American baseball player (born 1960)

Timothy Matthew Pyznarski (born February 4, 1960) is an American former professional baseball player, who played in Major League Baseball (MLB) for the San Diego Padres in 1986. He was selected 15th in the first round of the 1981 MLB draft by the Oakland Athletics.

Pyznarski grew up on the South side of Chicago, attending Marist High School.
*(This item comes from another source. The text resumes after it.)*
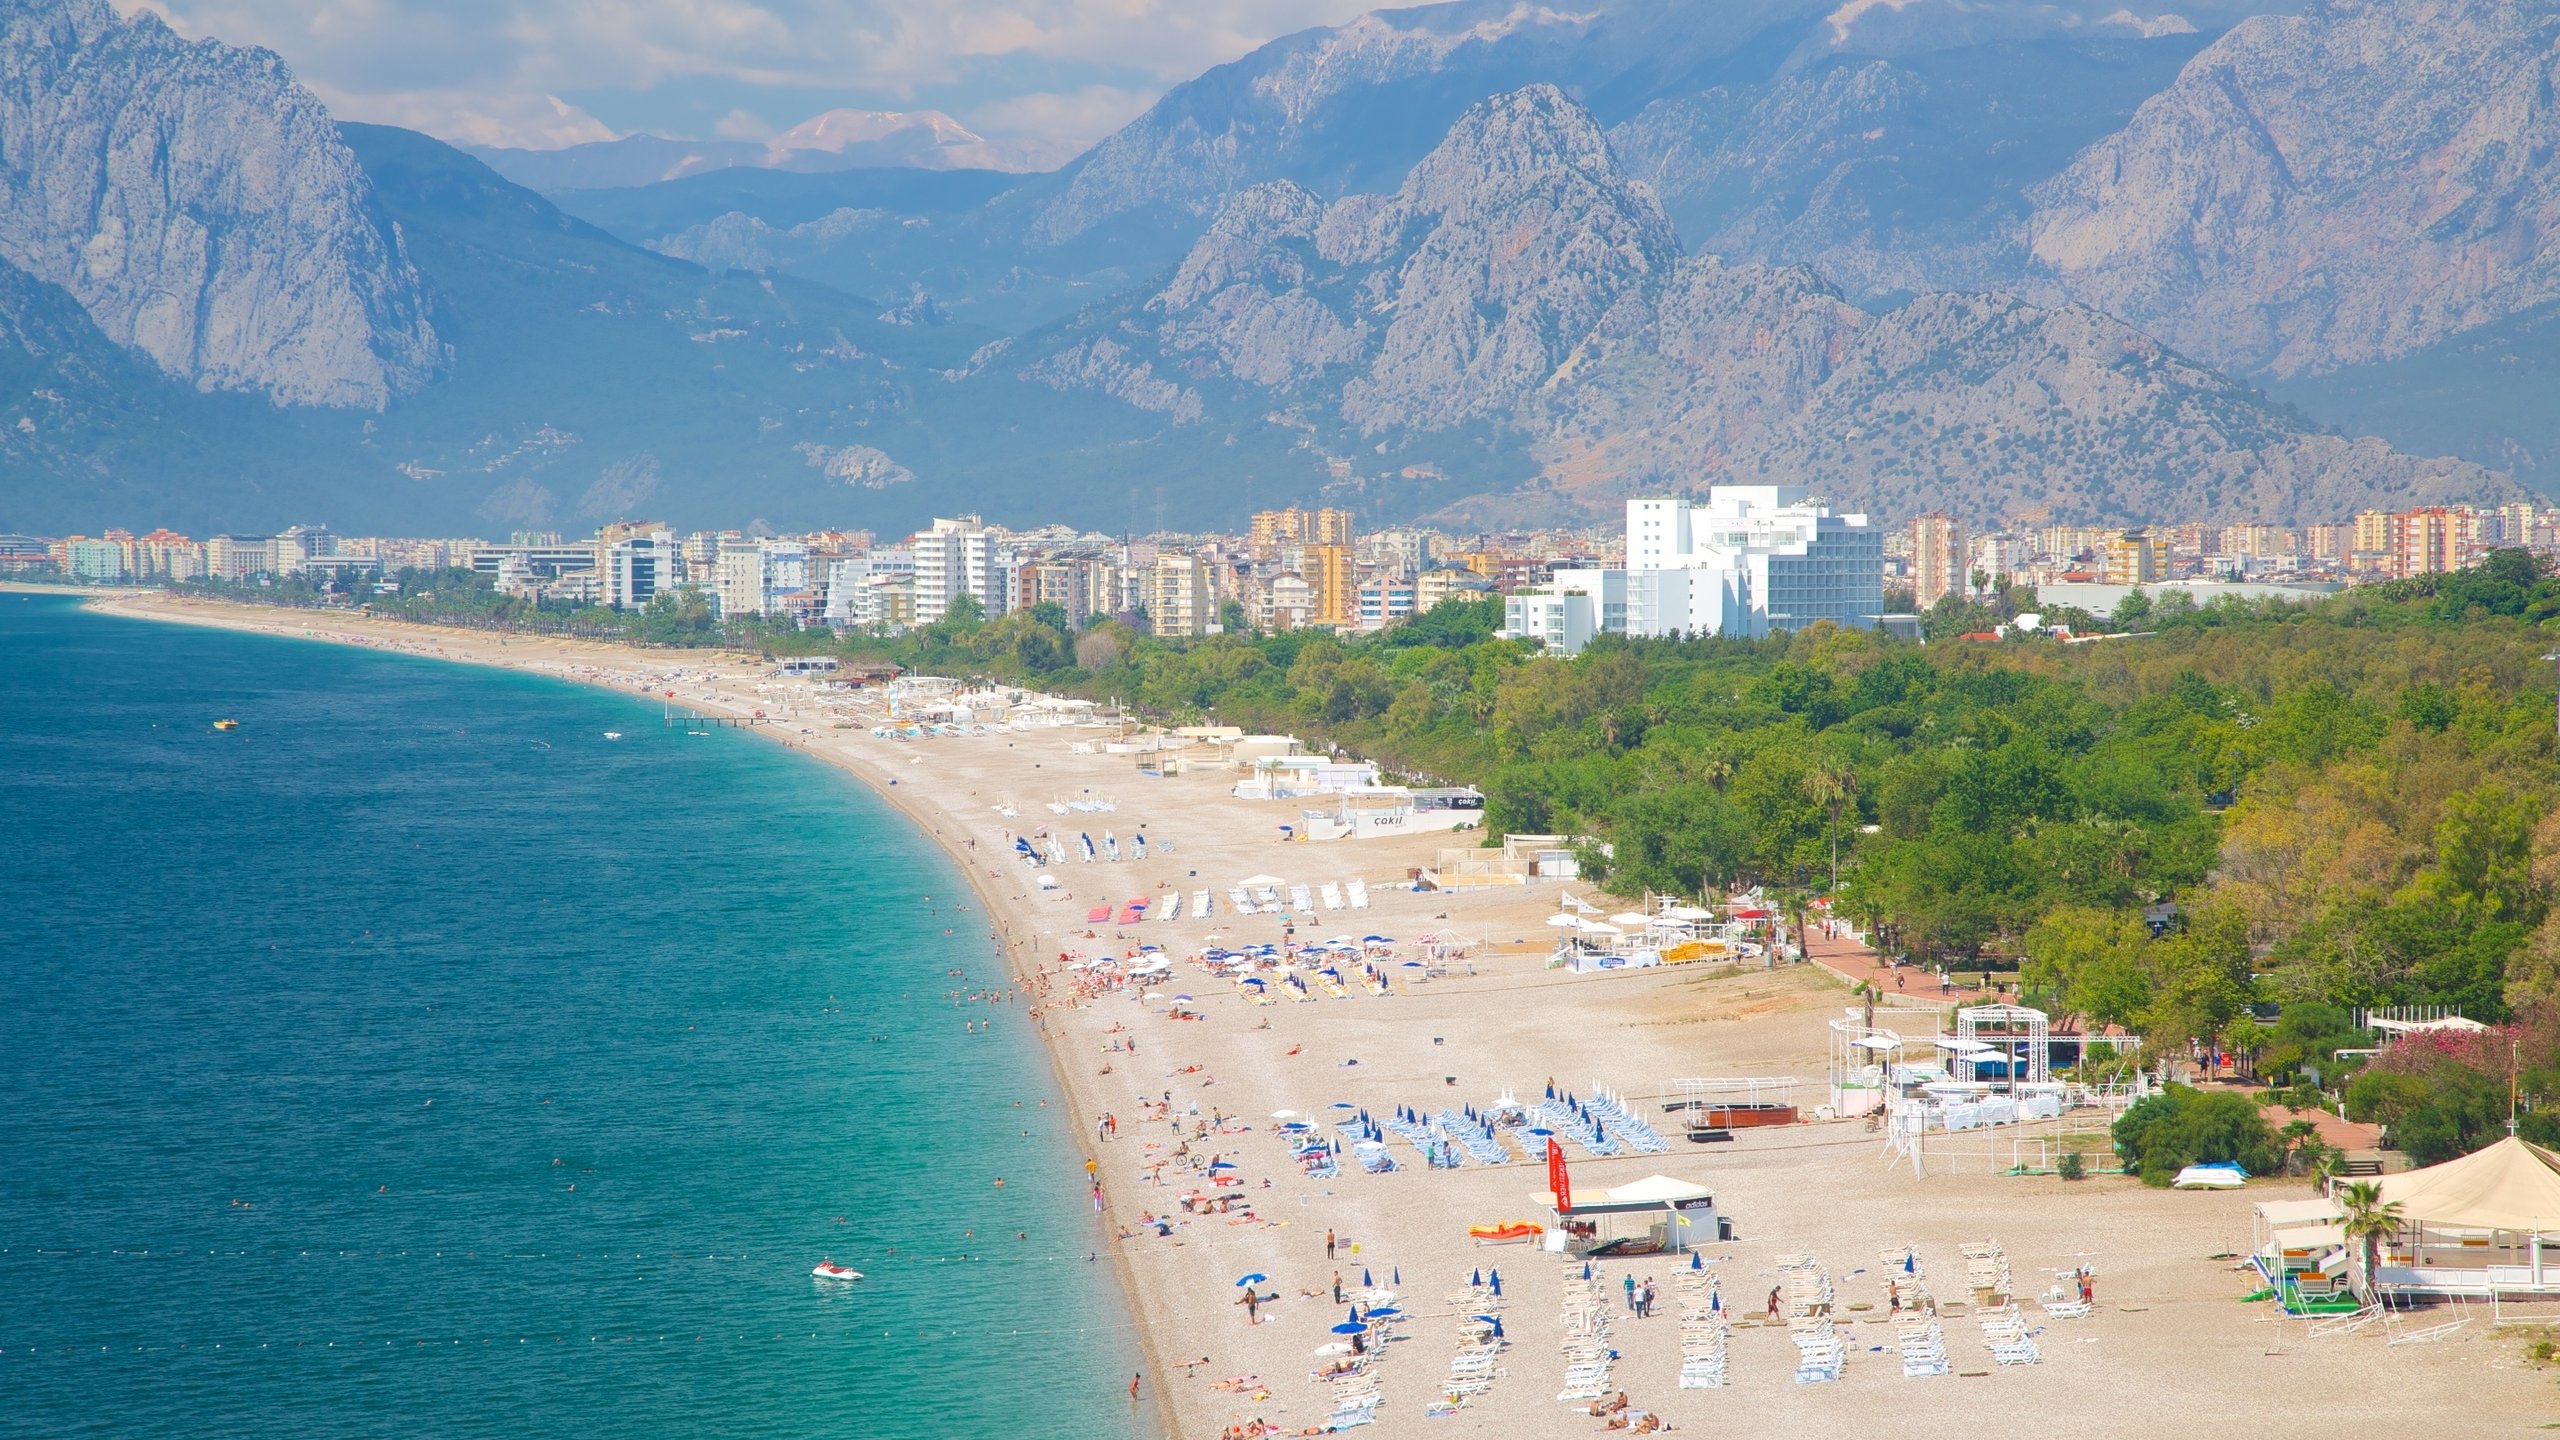 تقع أرخص الفنادق في أنطاليا جنوبي تركيا في مناطق أقل شعبية وليست قريبة من مركز الولاية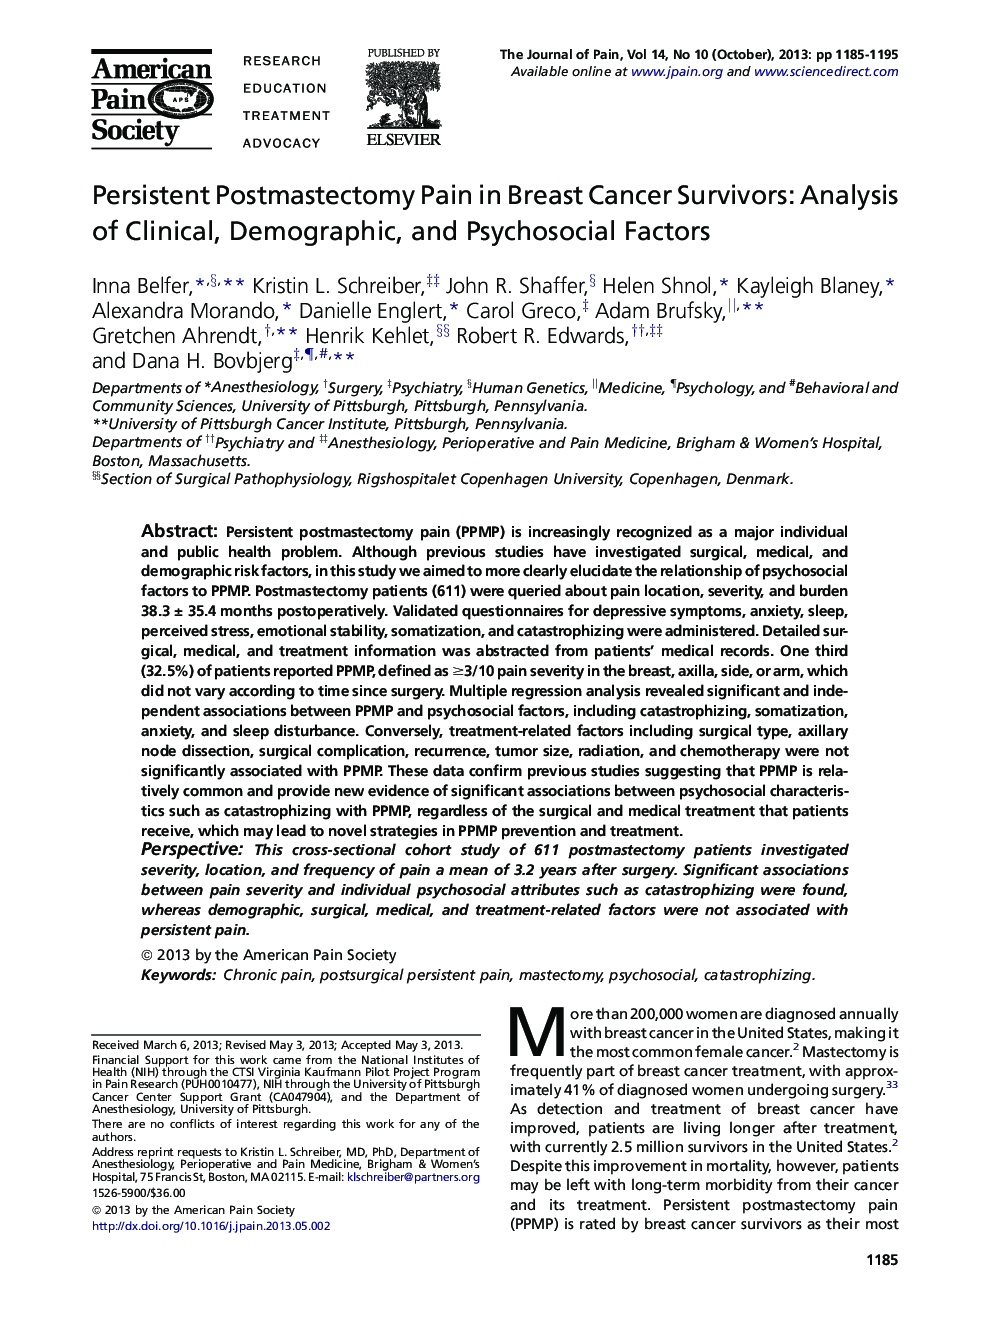 پاتوژن پاستومکتومی پایدار در سربازان سرطان سینه: تجزیه و تحلیل عوامل بالینی، جمعیتی و روانی-اجتماعی

Pyznarski led Marist to the IHSA Class AA State Championship in 1978. He then went on to attend Eastern Illinois University, where he set several offensive records with the Eastern Illinois Panthers baseball team. After a successful career in Minor League Baseball, highlighted by The Sporting News Minor League Player of the Year Award and Topps Minor League Player of the Year Award in 1986, Pyznarski had a brief stint in the majors, appearing in 15 games for the 1986 San Diego Padres, where he compiled a .238 batting average (10-for-42).

Pyznarski was an assistant coach at Marist, and has 3 daughters and 5 grandkids. He went into the metal finishing industry as a salesman a few years after retiring from professional baseball.

==Career==
He played in MLB for the San Diego Padres (1986) and the Modesto A's (1981), West Haven A's (1982), Albany A's (1983), Tacoma Tigers (1984), Las Vegas Stars (1985–86), and Denver Zephyrs, Rochester Red Wings and Omaha Royals. His 1987 Topps baseball card stated he was 6'2", weighed 195 pounds and batted and threw right handed.